Background information
- Born: 1 October 1956 (age 69) Ystad, Scania, Sweden
- Occupations: Singer-songwriter, record producer, musician
- Instruments: Guitar, piano, vocals
- Years active: 1975–present
- Website: Official website

= Michael Saxell =

Musical artist (born 1956)

Michael Saxell (born 1 October 1956) is a Swedish singer-songwriter, composer, lyricist, multi-instrumentalist and producer. He was born in Helsingborg, Sweden but has spent many years on the Canadian west coast. He composed music for the Colin Nutley movie Änglagård – andra sommaren and for the soundtrack of Blådårar.

==Career==
Saxell co-wrote the Swedish No. 1 hit song "If I Were Sorry", the Swedish Song of the Year Grammy Winner 2017 and winner of Melodifestivalen 2016 In March 2021, it had received more than 94 million Spotify plays and is certified seven x platinum status in Sweden, twice platinum in Poland, gold status in Germany and Austria. The song placed fifth in the Eurovision Song Contest finals in 2016.
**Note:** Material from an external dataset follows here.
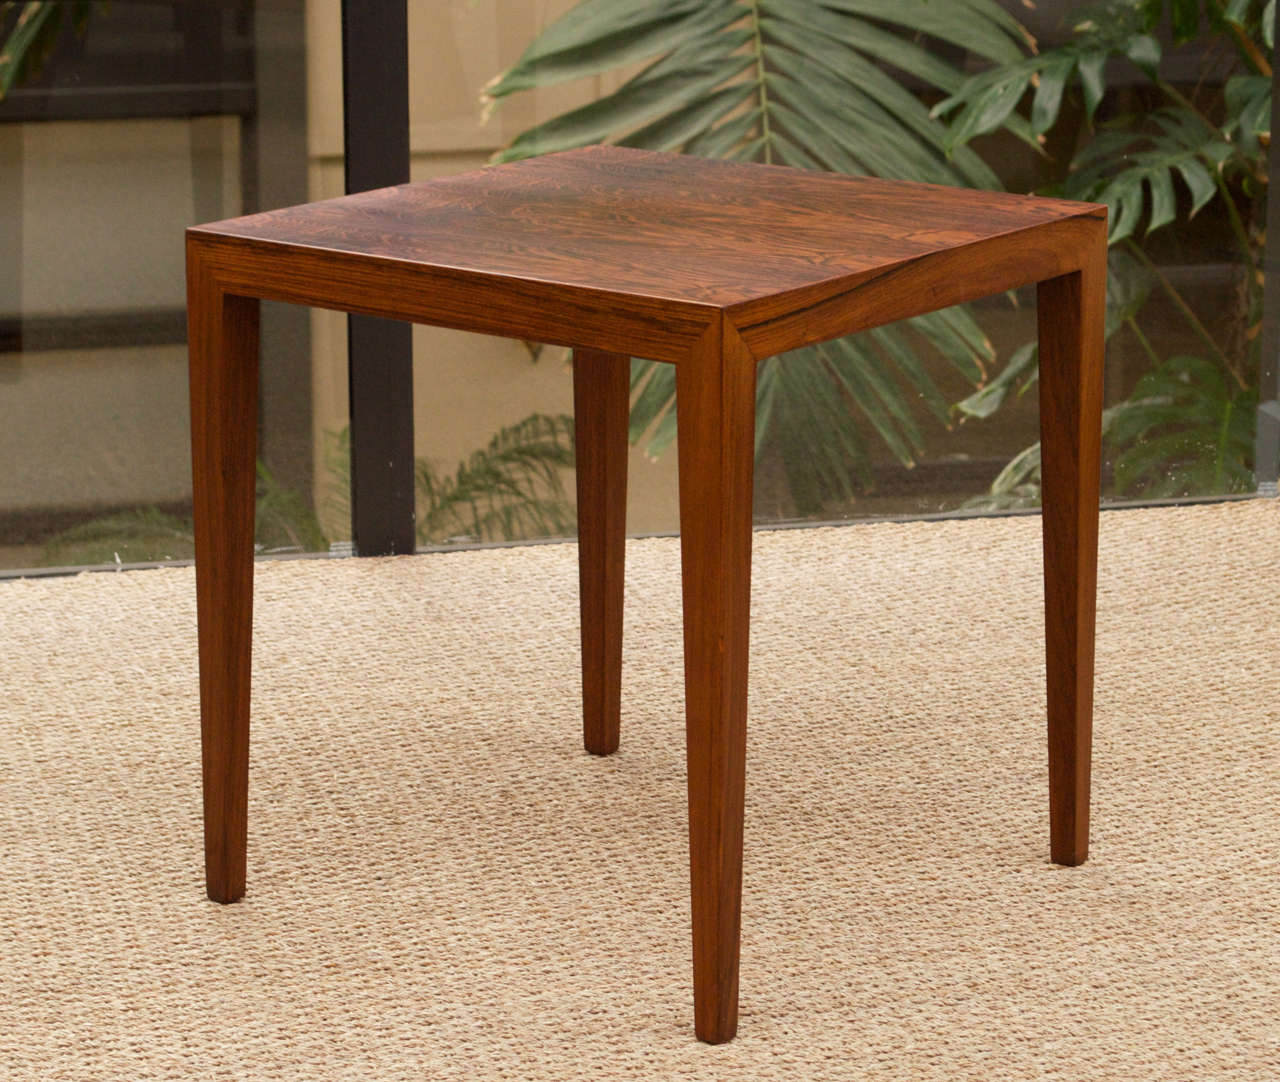 A Severin Hansen Jr. End Table in Brazilian Rosewood. Manufactured
and Labeled by Haslev Mobelfabrik.

He is co-writer of the Swedish No. 1 hit song "Johnny G (The Guidetti Song)", performed by artist Badpojken, the artists' collective Michael Saxell, Fredrik Andersson and Ingvar Irhagen. The song was released mid July 2015 and achieved Swedish quadruple-platinum status within 12 months of its release and has, as of March 2021, reached over 45 million plays on Spotify. Vocalist on "Johnny G" is Frida Green.

Saxell is co-writer with Craig Jacks on "Back Of A Map Of The Moon", which is included on Terry Jacks Greatest Hits 2015 release ...Starfish on the Beach – The Terry Jacks Collection.

Saxell grew up in the southern Swedish town of Malmö and currently resides on Österlen in Scania. He has written words and music to Scanian classics "Om himlen och Österlen" and "När en flicka talar skånska". More than 300 of his songs are recorded by other artists. Saxell has earned 24 gold, 11 platinum and 8 multi platinum Scandinavian records.

He received the prestigious SKAP (Swedish Composers of Popular Music) Stipendium award, honoring the memory of the Swedish songwriter and composer Evert Taube at an awards ceremony conducted at The Nordic Museum in Stockholm in May 2010.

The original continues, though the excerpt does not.